*** GIVEN INFORMATION ***
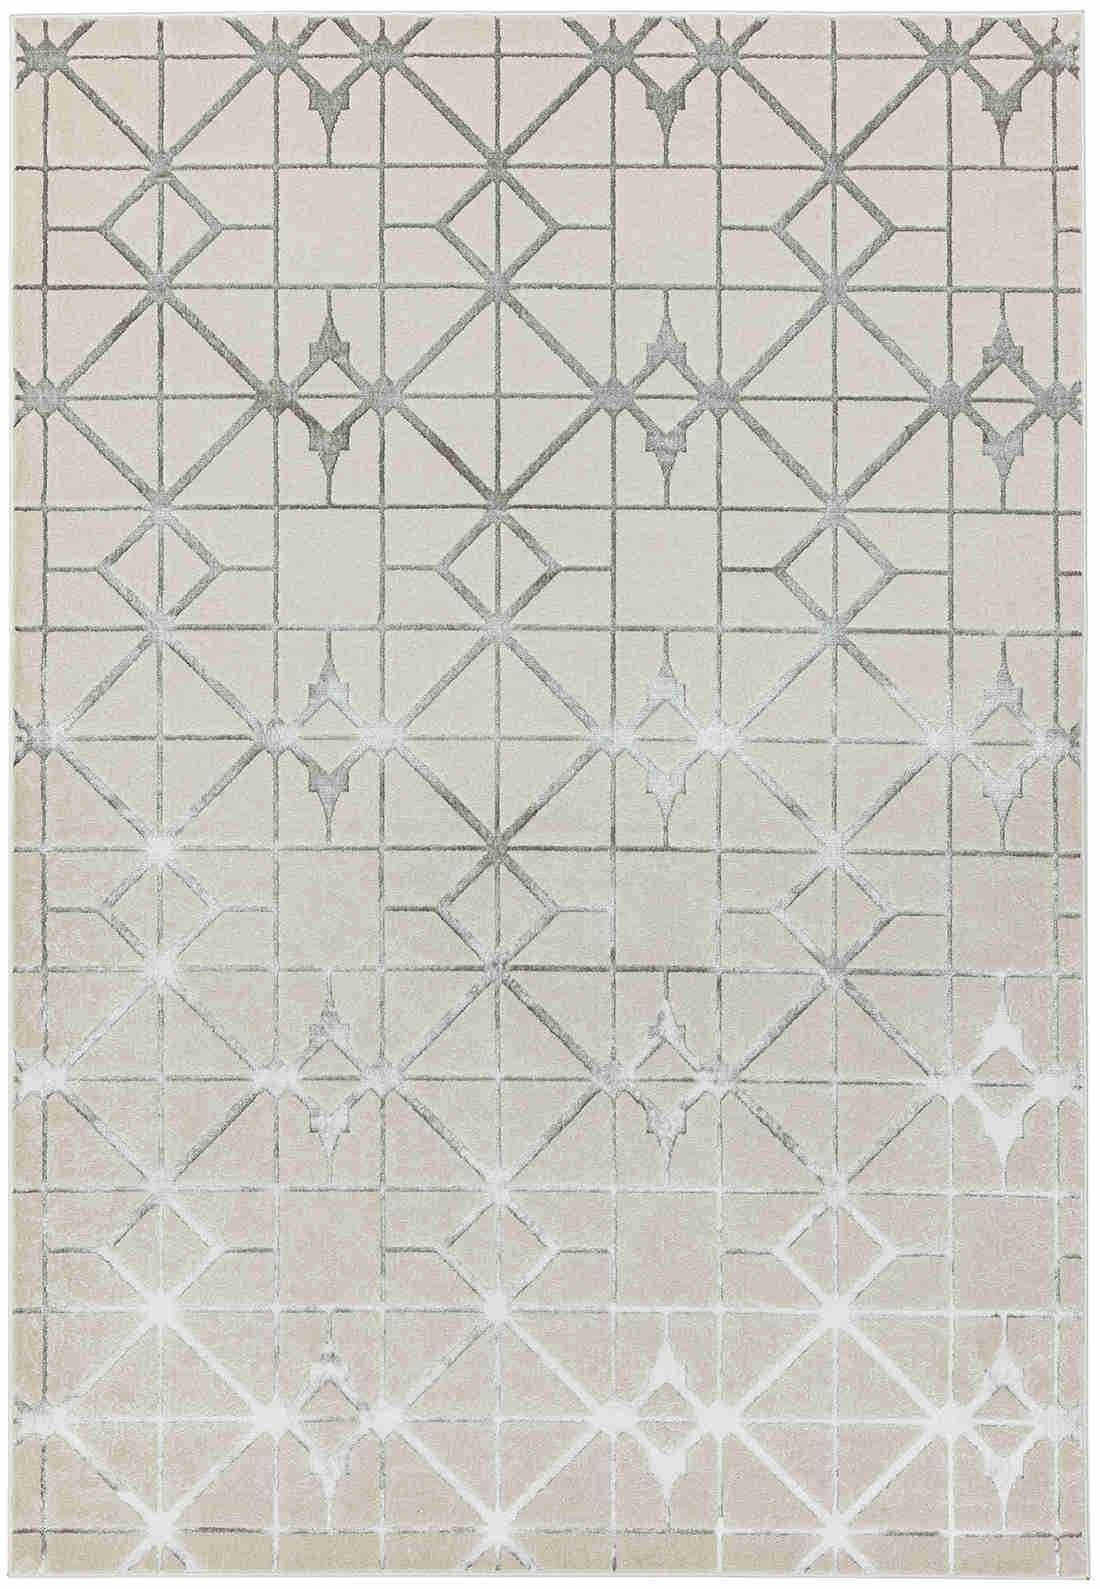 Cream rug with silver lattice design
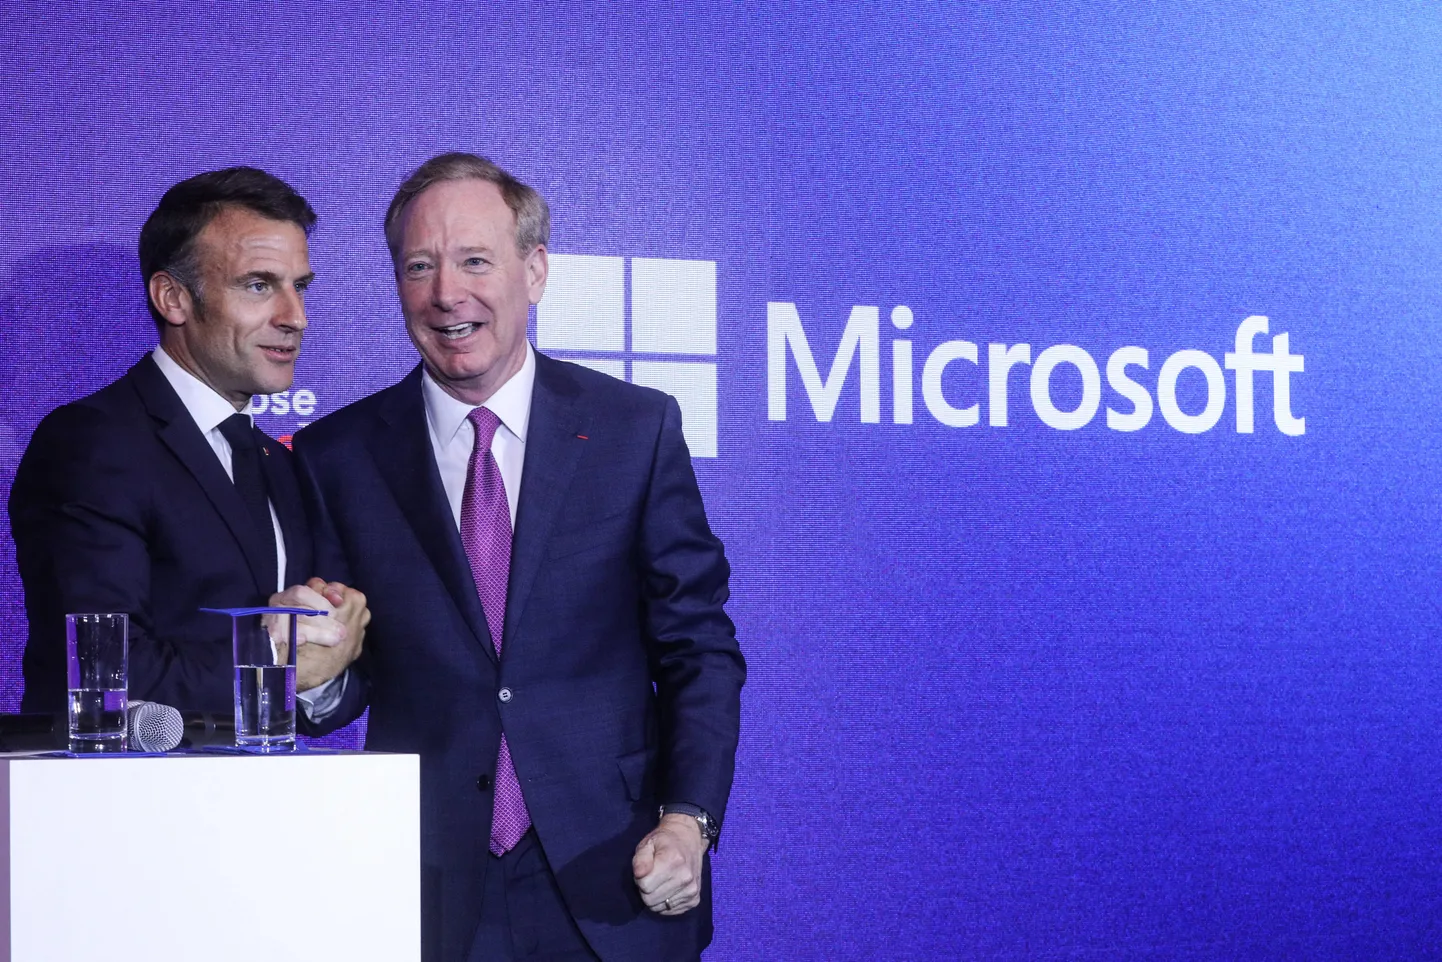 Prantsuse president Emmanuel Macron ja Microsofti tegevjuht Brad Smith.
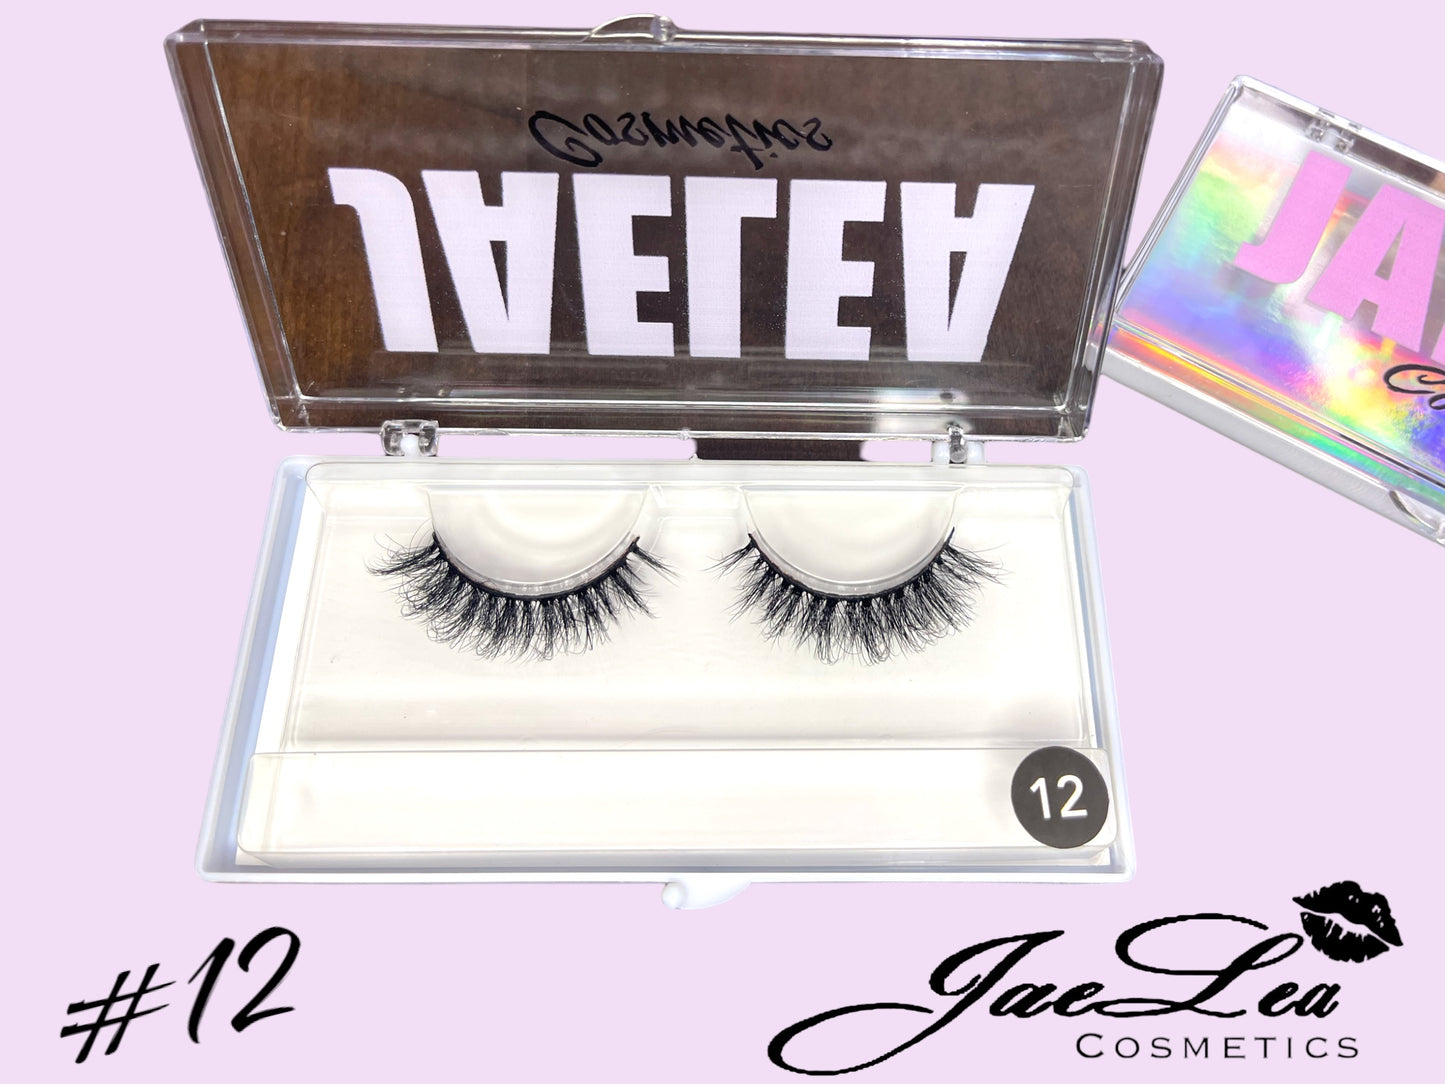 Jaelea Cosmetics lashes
*** End of GIVEN INFORMATION ***
- _WORK ORDER_
Reproduce the listing verbatim, pictures excluded.

- _ANSWER SPACE_
 Cream rug with silver lattice design
 Prantsuse president Emmanuel Macron ja Microsofti tegevjuht Brad Smith.
 Jaelea Cosmetics lashes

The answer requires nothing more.